The NYFA Mark program offers an immediate boon to my active art practice. I want to improve my professional communication skills, gain access to a larger network of art professionals, and garner attention for my work. I am very interested to connect with other dedicated artists, and I could benefit from guidance and advice about the business.
For the last 15 years I’ve improved my technical and conceptual levels of art making. Many express that my painting skills are very good. Under mentorship of teachers Rosenclaire I studied art history extensively and its implications. It’s disconcerting to observe a lack of such knowledge base by many educated artists, as well as a market that largely fails to value that heritage. We should restore depth to contemporary fine art.
Although I’ve remained independent, produce my own exhibitions and sell
Please provide a narrative bio that details your artistic career (100 - 300 words)
I’ve been an artist my entire life. As a child, I participated in the Guggenheim’s Learning To Read Through The Arts program; my work was not only shown in the museum, but was chosen to be the poster for the program that year.

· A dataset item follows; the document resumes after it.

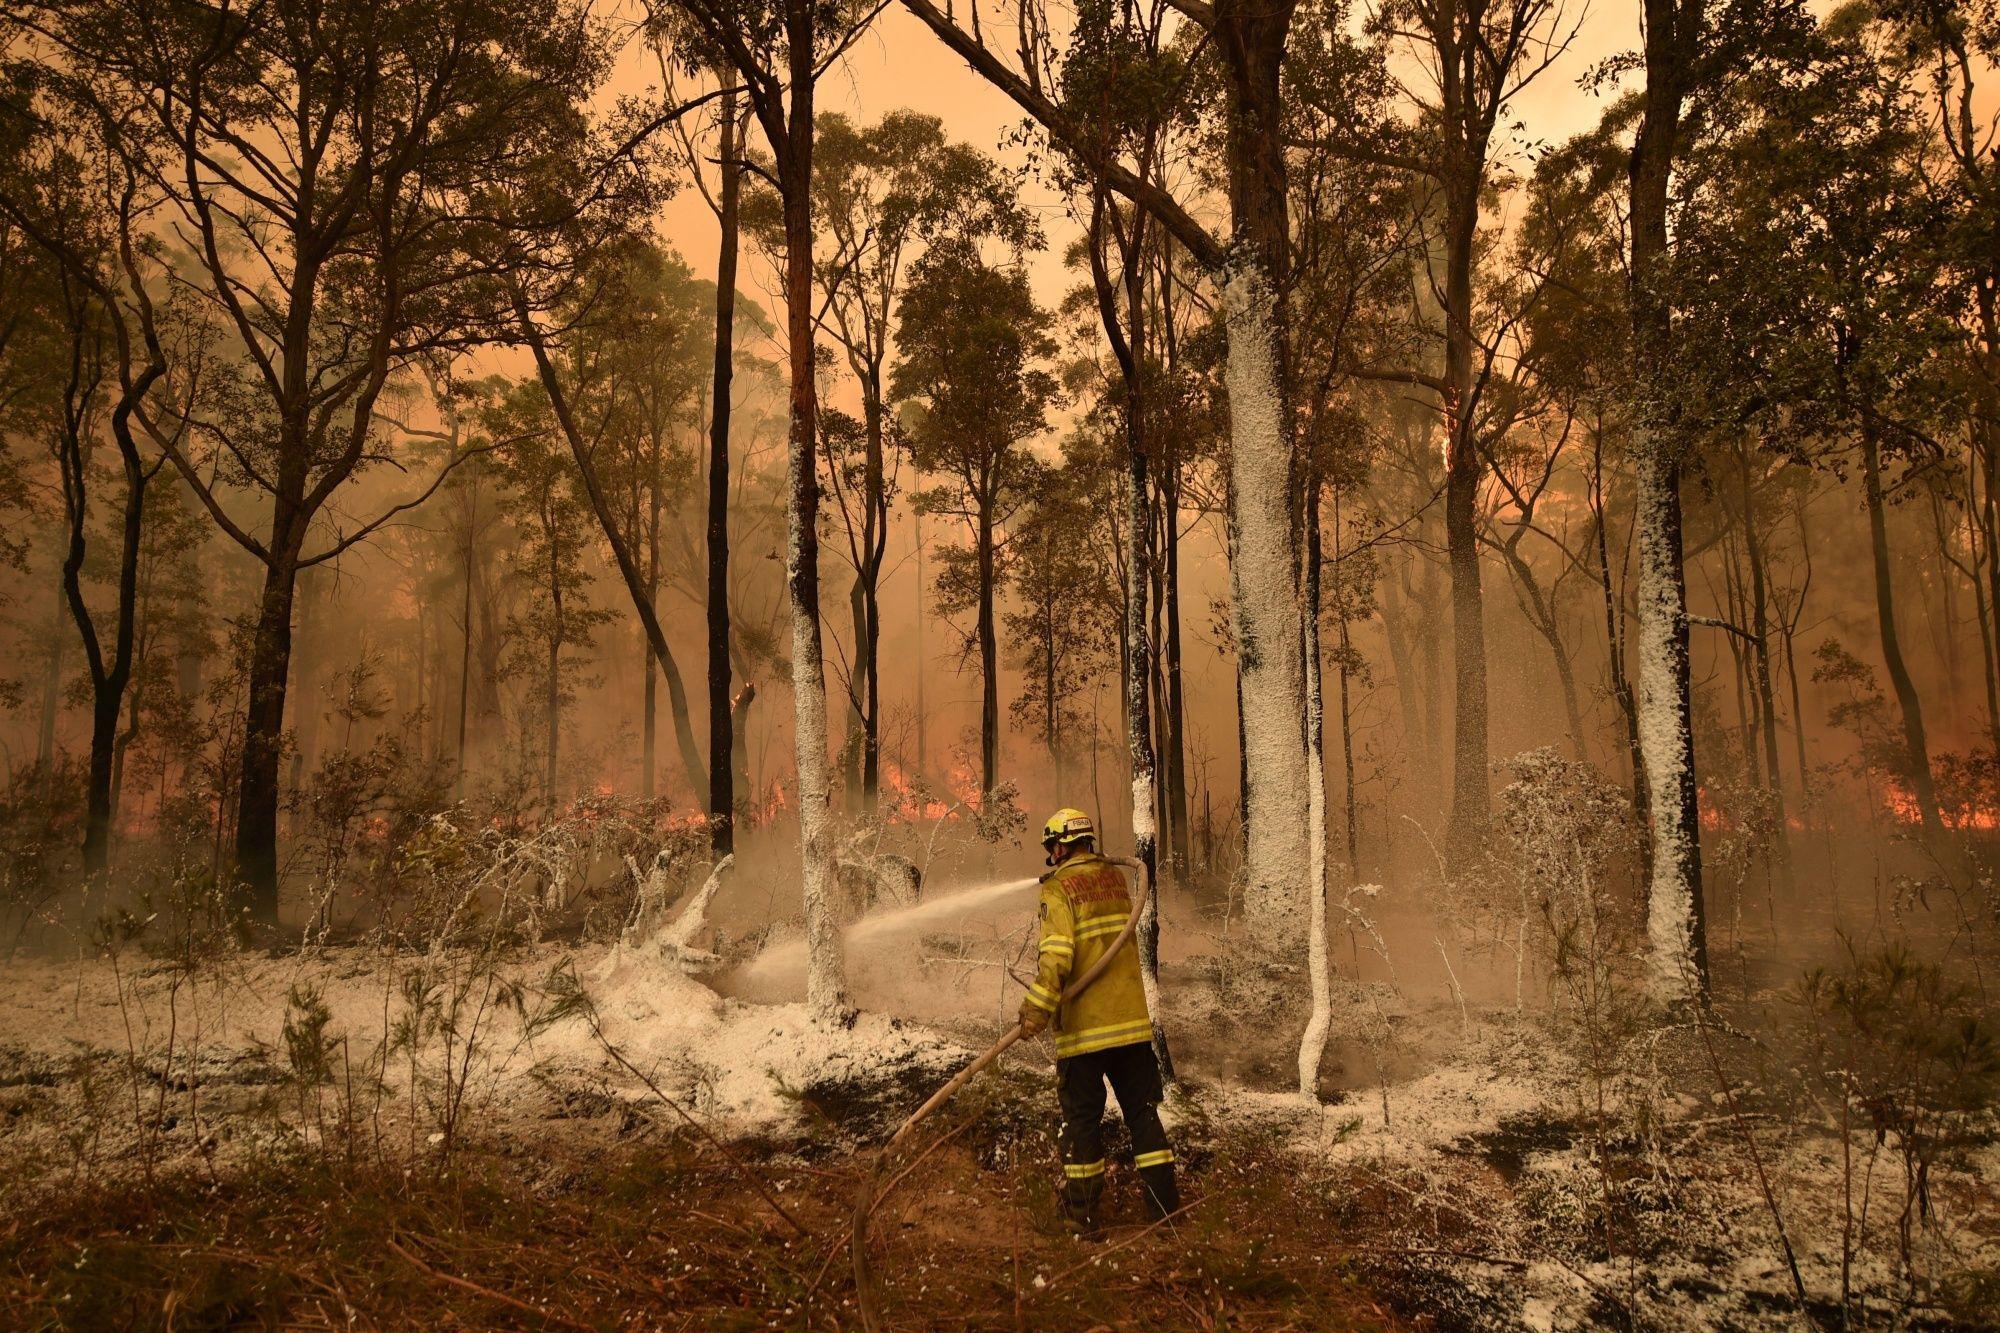 Australia Wildfires Trigger Exodus as Navy Joins Rescue Effort

I earned my Bachelor of Fine Arts degree from the University of California at Santa Cruz in 1996, graduating with High College Honors. My junior year was intensely enriched at the Scuola Lorenzo de' Medici in Florence Italy, where I studied under Rose Shakinovsky and Claire Gavronsky ("Rosenclaire”). I have studied with the collaborative duo, via workshops and private residencies, in the United States, Europe, and South Africa. During many years of training, I have also continuously worked in studio, having been encouraged by selling early pieces in small shows and also to private patrons. Subsequently I chose to prioritize a deeper meaning of art over merchandising product by remaining faithful to the content of the work.

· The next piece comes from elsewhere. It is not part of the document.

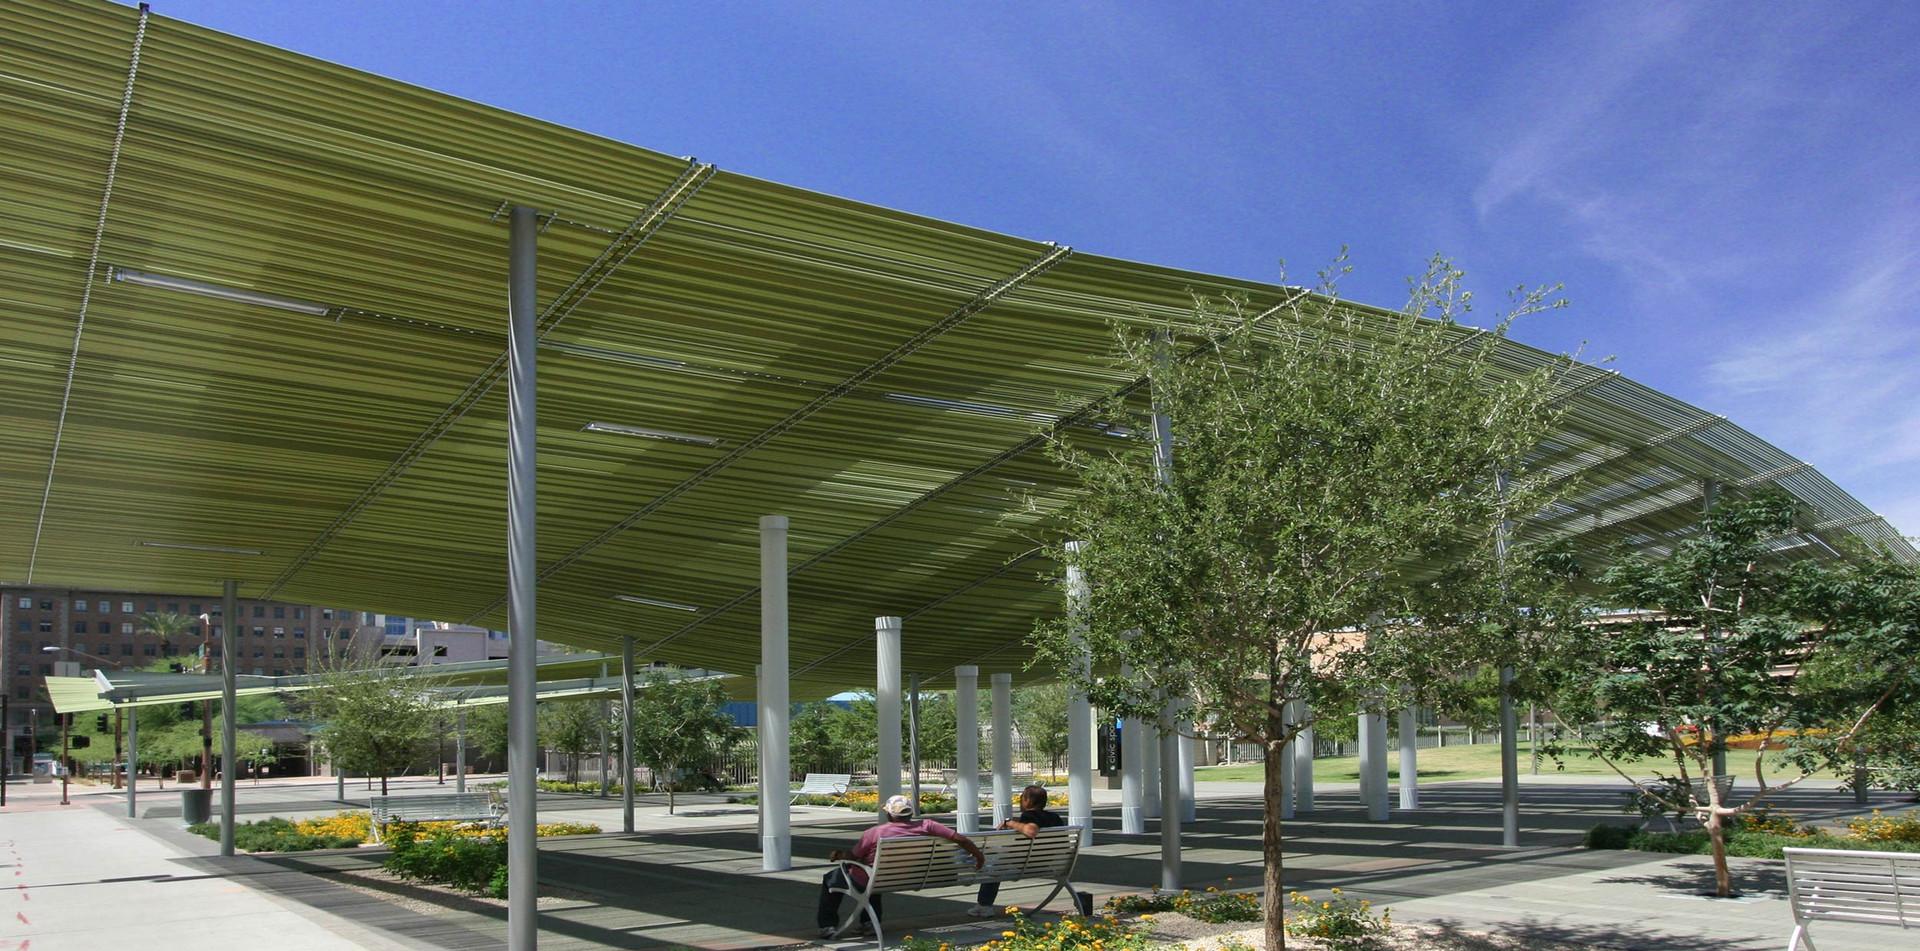 Phoenix Civic Space Canopies

I have exhibited and performed both nationally and abroad. I was an Artist in Residence at the Michaelis School of Fine Art (Cape Town), in 2007, and participated in the Domestic Departures workshop (Santa Ana) the same year. In 2009 I was selected to join the New York Studio Gallery’s summer residency, and was in the Art In Everyday workshop (New York City). Recently, I performed atop Rosenclaire’s Soap Boxes in collaboration with the South African National Gallery, and entered two group shows; at Roos Arts (Rosendale, NY), and Linksoul Lab (San Diego, CA). My first solo show in the Hudson Valley was at Roos Arts in 2011. Currently I am curating an exhibition in an empty storefront in Kingston – to extend my exposure in the area, and in an effort to find the right forum for my work.
12. Please include your Artist Statement (work statement) here. This statement should talk about you as an artist as well as specifically reflect the work samples you've submitted and explains your work to the panel. (Up to 250 Words)

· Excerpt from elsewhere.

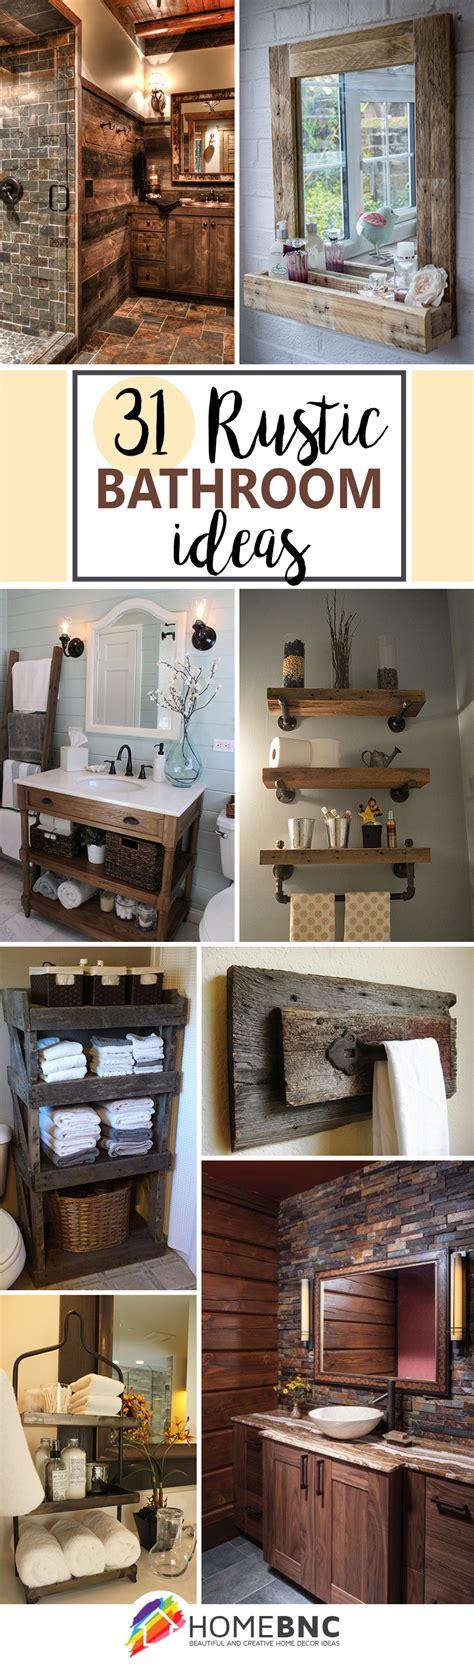 rustic decor ideas 31 best rustic bathroom design and decor ideas for 2016

My paintings are an exploration of the human condition. I work predominantly with the human figure as the vehicle through which all sensations of life are experienced: love, heartbreak, loss, and the possibility of redemption. I draw from art history to underscore painting’s philosophical and alchemic lineage, and am interested in communicating deeper emotional states of being through the metaphoric use of color, brushstroke, and composition.
Beginning with experiences from my own life and then moving outward, I draw connections between my personal history and the stories of others. The subject of each painting may refer to my own individual pain or misfortune, quietly captured in a moment of stillness, but it is my intention to allow for a space of catharsis by simultaneously revealing an inner strength and endurance of the spirit.